Monday, Apr. 27, 1936

"Little Dark Scum"

Behind the Franco-British-Belgian staff talks in London last week loomed the large, disquieting question of just how potent the French air force really is.

One answer was recently given in the British magazine, The Aeroplane, by its expert, temperish editor and founder, Charles Grey Grey. As editor of the standard handbook, Jane's All the World's Aircraft, Mr. Grey is also the world's No. 1 air authority. As a trained engineer fascinated by the science of war, he is emphatically anti-French and pro-German. He opened his opinion of France's air establishment with a wild blast against France's case against Germany at the London Locarno Conference.

The German Government in Realmleader Hitler's proposals, Editor Grey felt, had been "full of peace and good will towards men" and, despite the fact that it is "at least an equal of any nation represented and definitely the superior of all but one [Britain]," it had been put into "the position of the prisoner in the dock facing a hostile jury. ..."

Editor Grey was enraged at France's supposed intention of sending French Moroccan troops to police the Rhineland. Cried he, "A typical example of French feminine mentality! . . . Suppose that France had demanded that we should allow niggers and Moors in French uniforms to garrison Margate, Dover, Folkestone, Eastbourne, Seaford, Brighton and Worthing. . . . As a purely ethnological fact one might argue that the fair-haired, blue-eyed Berbers of Morocco, and the Riffs, who are in fact the last remnants of the Teutonic Vandal Kingdom of Northern Africa, are better white men than the little dark scum of Southern France. . . ."

Getting down to facts, Editor Grey wrote: "The new generation, so to speak, of French bombers is a complete washout. . . . The French single-seat fighters are a washout also. . . . Year after year at the French Aero Show we have been shown the same high-speed French single-seat fighters.

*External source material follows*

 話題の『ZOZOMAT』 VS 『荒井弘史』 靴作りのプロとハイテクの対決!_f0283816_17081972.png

We have been told quietly that they were only there for show and that the real things were at Villacoublay or Buc, just being tried out and just about to do wonderful things. But these wonderful machines have never appeared. . . . Our information, which is quite reliable, is that not one of the new French bombers can do more than 150 m.p.h. and most of them do not do anything like as much.

"Up against the new Heinkels [German] and the new Savoias [Italian], let alone our new Bristols, Faireys and Hawkers and Armstrongs, the French Air Force is a joke. . . ."

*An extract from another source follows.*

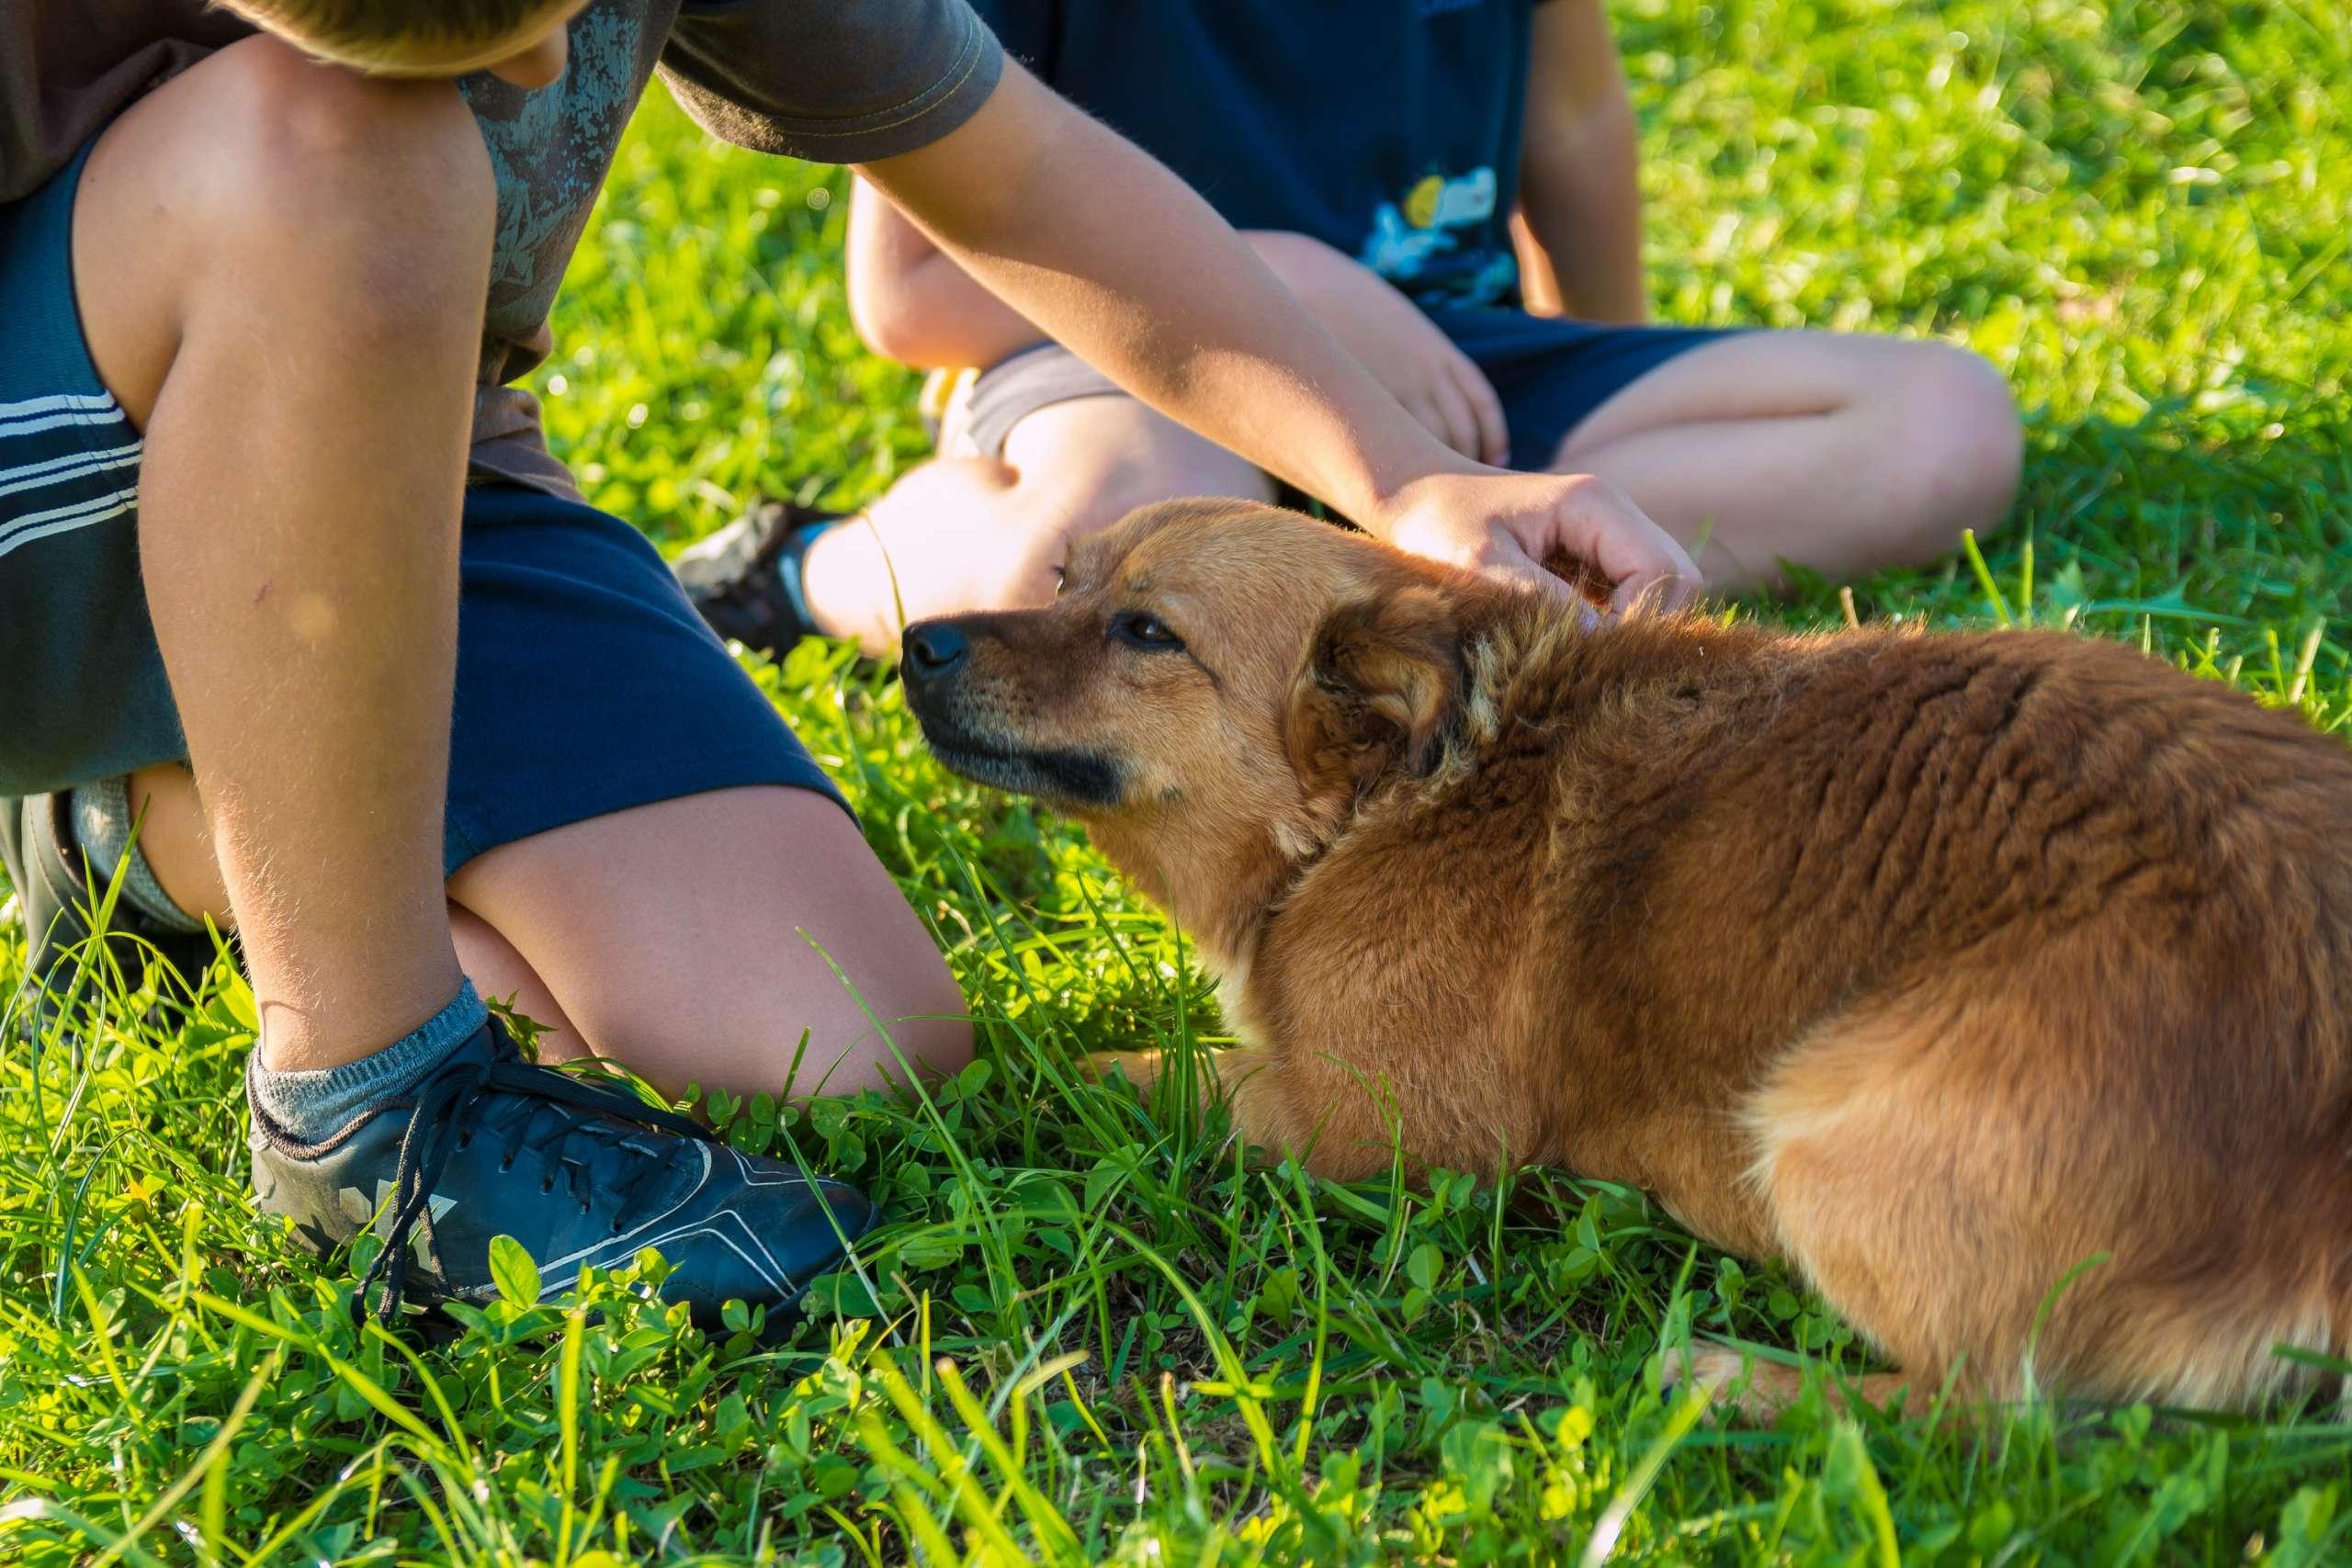 bambini accarezzano cane sul prato

This was too strong for the French Government to let pass. It instructed its Ambassador at London to protest Aeroplane's wild slanders to the British Foreign Office. In the House of Commons Foreign Secretary Eden replied to a question: "On examining the article, I found that it contained a number of allegations of an offensive nature against France which were quite unfounded. ... I deplore such unfounded statements about friendly nations, which can only be regarded as mischievous and harmful to good international relations."

A contrary opinion concerning the French air force was given last November by the Journal of the German Association for League of Nations Questions. Then it totted up France's first-line planes at 2,061, noted 3,339 second-line planes and 1,043 first-line planes being built. Effective total: 6,000. It went on to show "proof of the successful efforts made by France in connection with military aviation" and concluded "French security at the present time is just as reliably assured in the air as it is, thanks to the French armaments, on land and at sea."

Editor Grey's own Jane's All the World's Aircraft for 1935 says: "One of the greatest difficulties with which we have had to contend ... is the steady growth of a policy of secrecy on the part of the Navy, Army and Air Service Authorities of all nations." He lists the present French air force effectives available for European service at 1,127; the British at 1,093.